次に上手いと見えたのはアビーさんで魔法属性『風』のためか両手だけでなく飾りのように幾つかの風の玉が浮いていた。他の人達は魔法発動に気を取られて『魔力纒』が解けたり、一つは良くても2つ目の魔法発動をしようとして『魔力纒』が解けたりしている。

みんな苦労して居るが魔法を発動するのが楽しそうだ。あたしも2つ目の水玉を出せた所で左右の掌を水が行ったり来たりするように魔法発動が次第に出来てきた。楽しいね、これ。笑みが浮かんで来るのも仕方ないと思う。

瞬く間に時間が来て終わりの鐘が鳴った。各々魔法発動と『魔力纒』を解く。楽しかった分とても疲れた。

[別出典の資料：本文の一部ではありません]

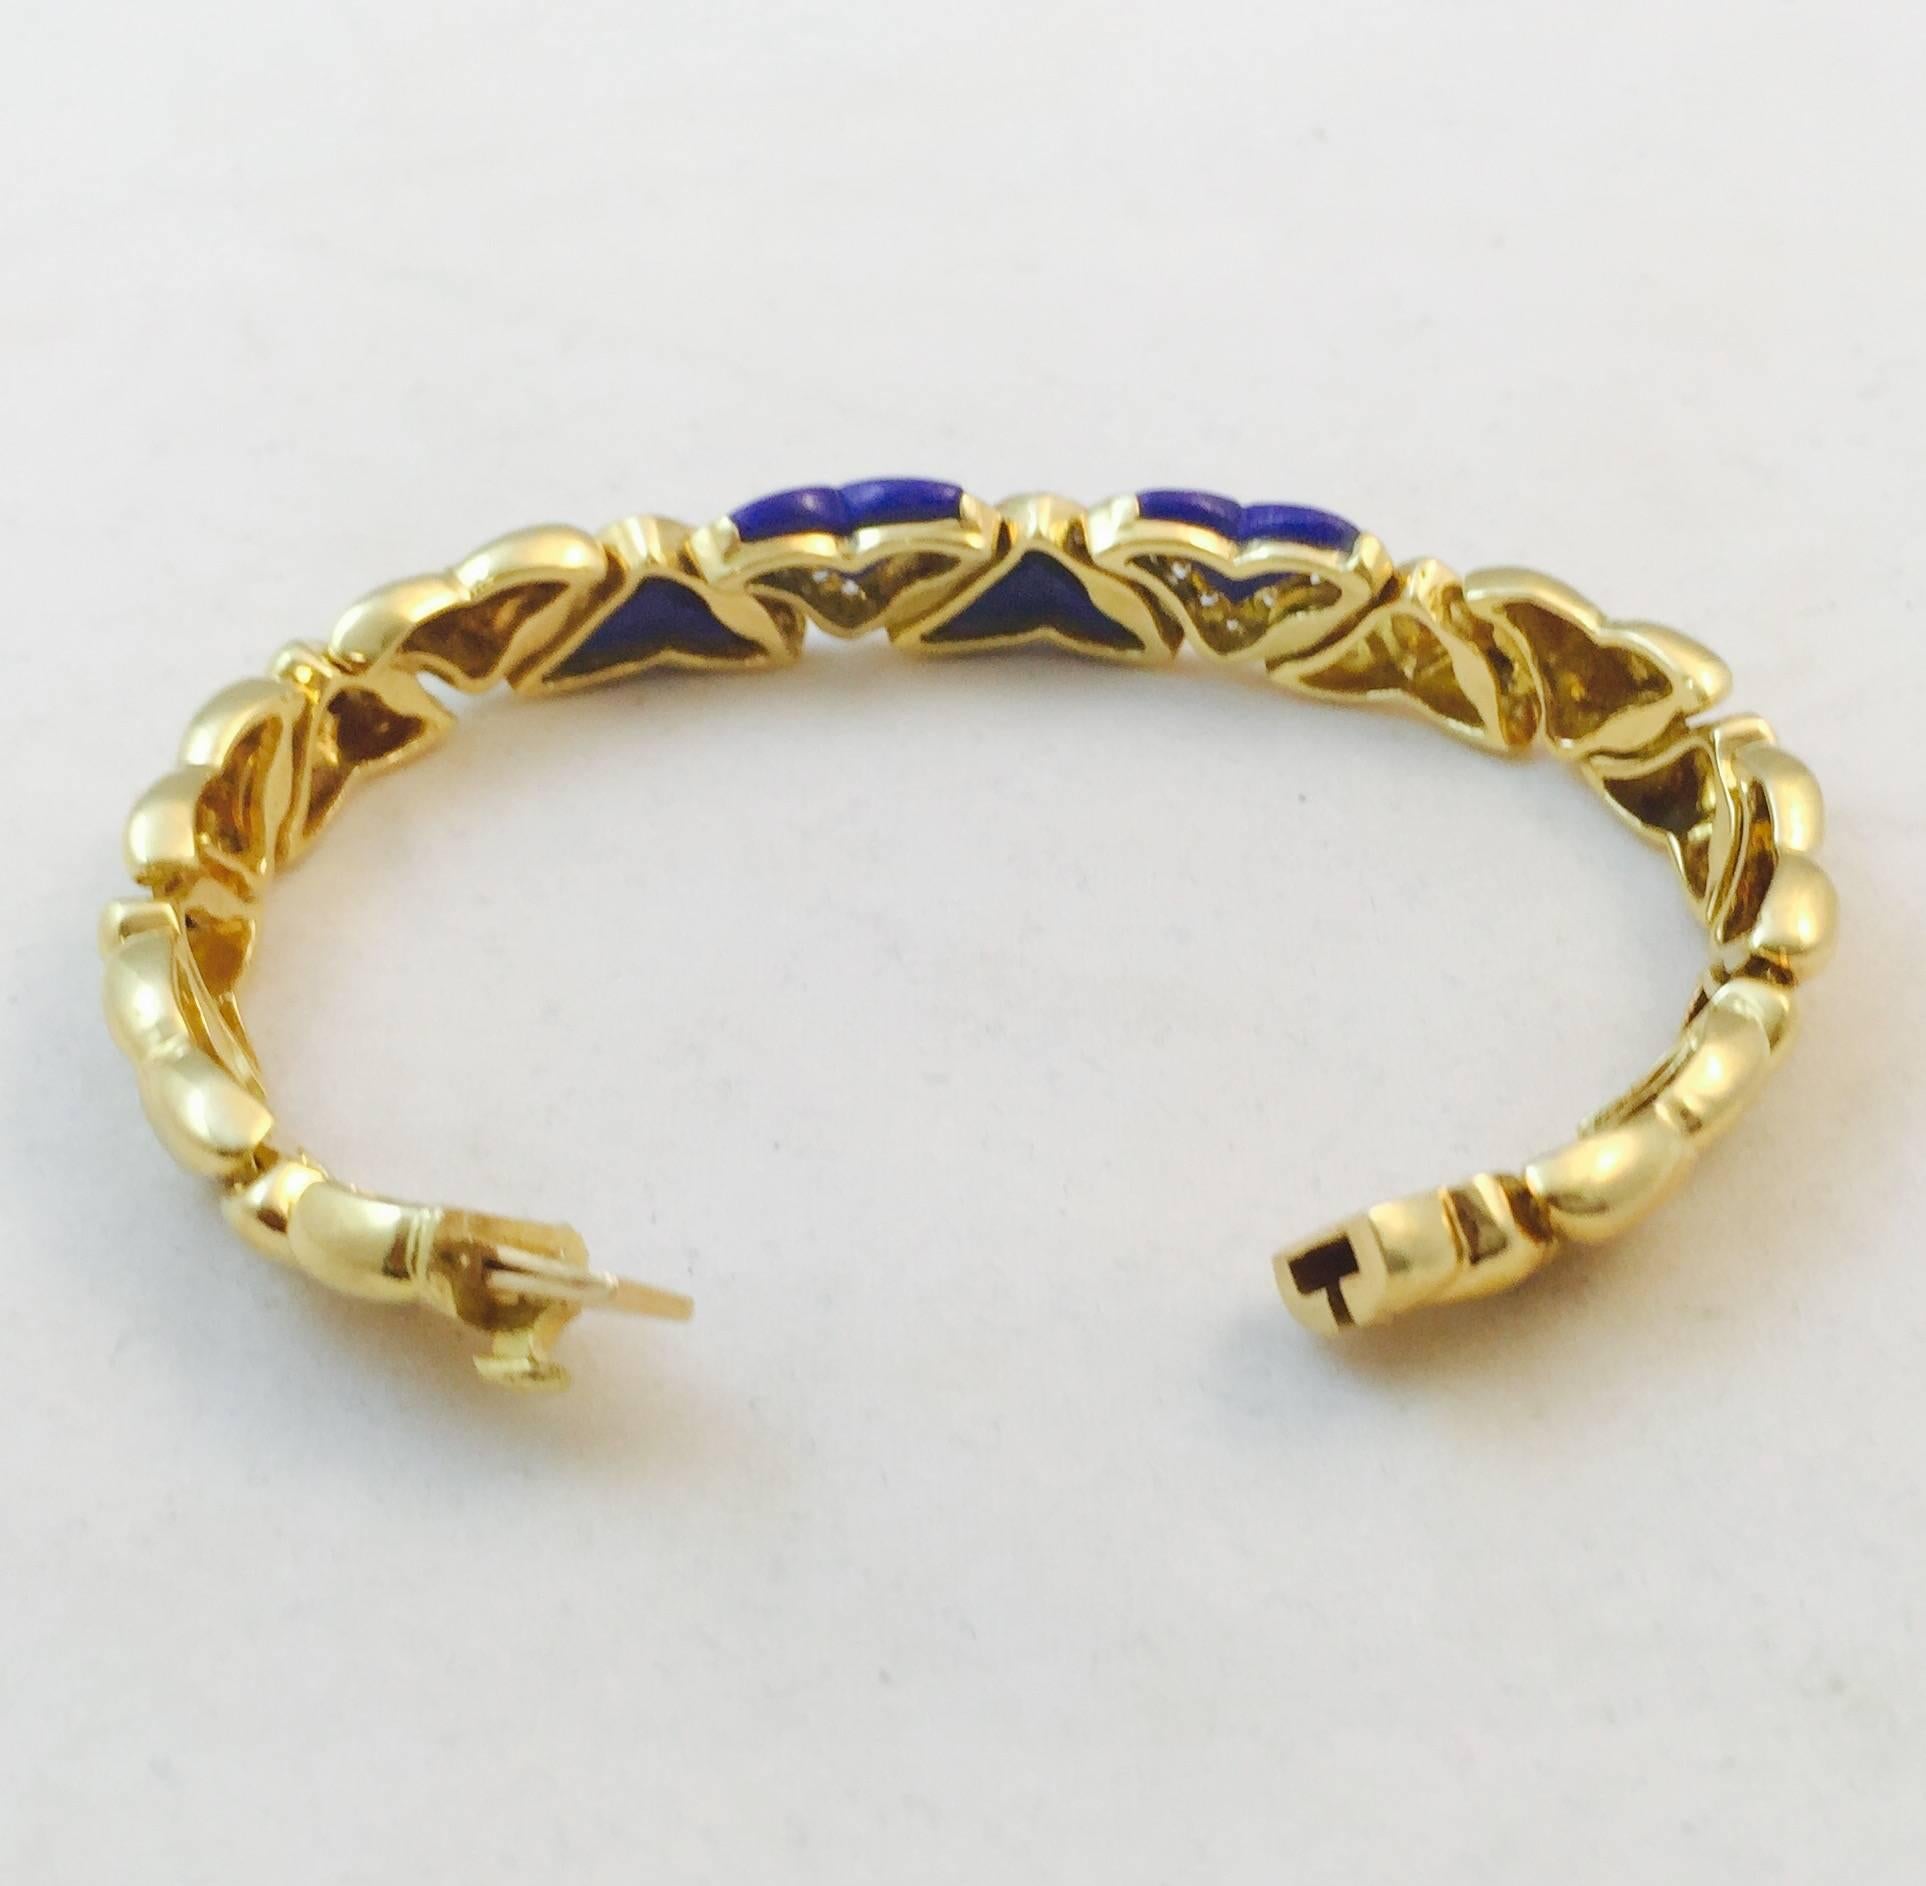 Since 1936, Fred of Paris has been adorning ladies world wide.  His most famous piece was featured in a scene with Julia Roberts in Pretty Woman!  Grace Kelly was a fan!  Meticulously crafted in 18K yellow gold, this stunning bracelet features heart

バージル先生が明日はもっと難しい『身体強化』に挑戦して貰うので各自自習をするようにと一言追加した。


クロエはあれだけの魔法を使っていながらあんまり疲れていなそうだ。一緒に帰ろうと言うので帰りながら『魔力纒』のコツの話やあの炎の帯の作り方の話をする。

やっぱり掃海士という魔物を狩る仕事を任されるだけあってクロエは凄いと思う。あたしもハンターの仕事に魔力を使ってみたいな。今はスキルのお陰で魔物を狩っているだけだからこそハンターとして未熟さを感じる。


エライザ学園の寮の自室に戻ると今日はリリスお姉ちゃんが帰っていた。

「図書館はどうだった?」


と聞かれ、あっと思い出した。時間があったら行ってこようと思っていたけど『魔力纒』の実践が楽し過ぎて忘れていた。

「じゃないかと思って借りてきて置いたわよ」


リリスお姉ちゃんは図書館から神話に関する本を数冊見繕って借りて来てくれていた。

「ありがとう、リリスお姉ちゃん!」


あたしはリリスお姉ちゃんに抱きついた。

「ほらほら、本は後でゆっくり読めば良いから夕食に行きましょ」


クリーンの魔法で体から埃を払ってからリリスお姉ちゃんの後を追った。

夕食のメニューはお肉がゴロゴロ入ったシチューとまるパンなのに少し堅い石窯パンを食べた。飲み物は薄めた赤ワインだ。石窯パンは堅かったがシチューに付けて食べると意外と食べやすく、途中で追加を貰った。ついでに隠れて影の世界へしまってしまう。


食事の後はリリスお姉ちゃんとお風呂に入って昨日のように『魔力纒』の話をするとリリスお姉ちゃんが面白いものを見せてくれた。濡らした体の状態で『魔力纒』を行い、石鹸を肩に乗せると魔法を発動したのだ。

リリスお姉ちゃんの魔法で石鹸が動き出し、体中を這い回る。見ているとふしぎなアメ光景だったがリリスお姉ちゃんは気持ち良いらしい。

「へぇ~、リリスお姉ちゃん面白い!」


楽しいお風呂の後はリリスお姉ちゃんが借りてきた本を読むお勉強の時間だ。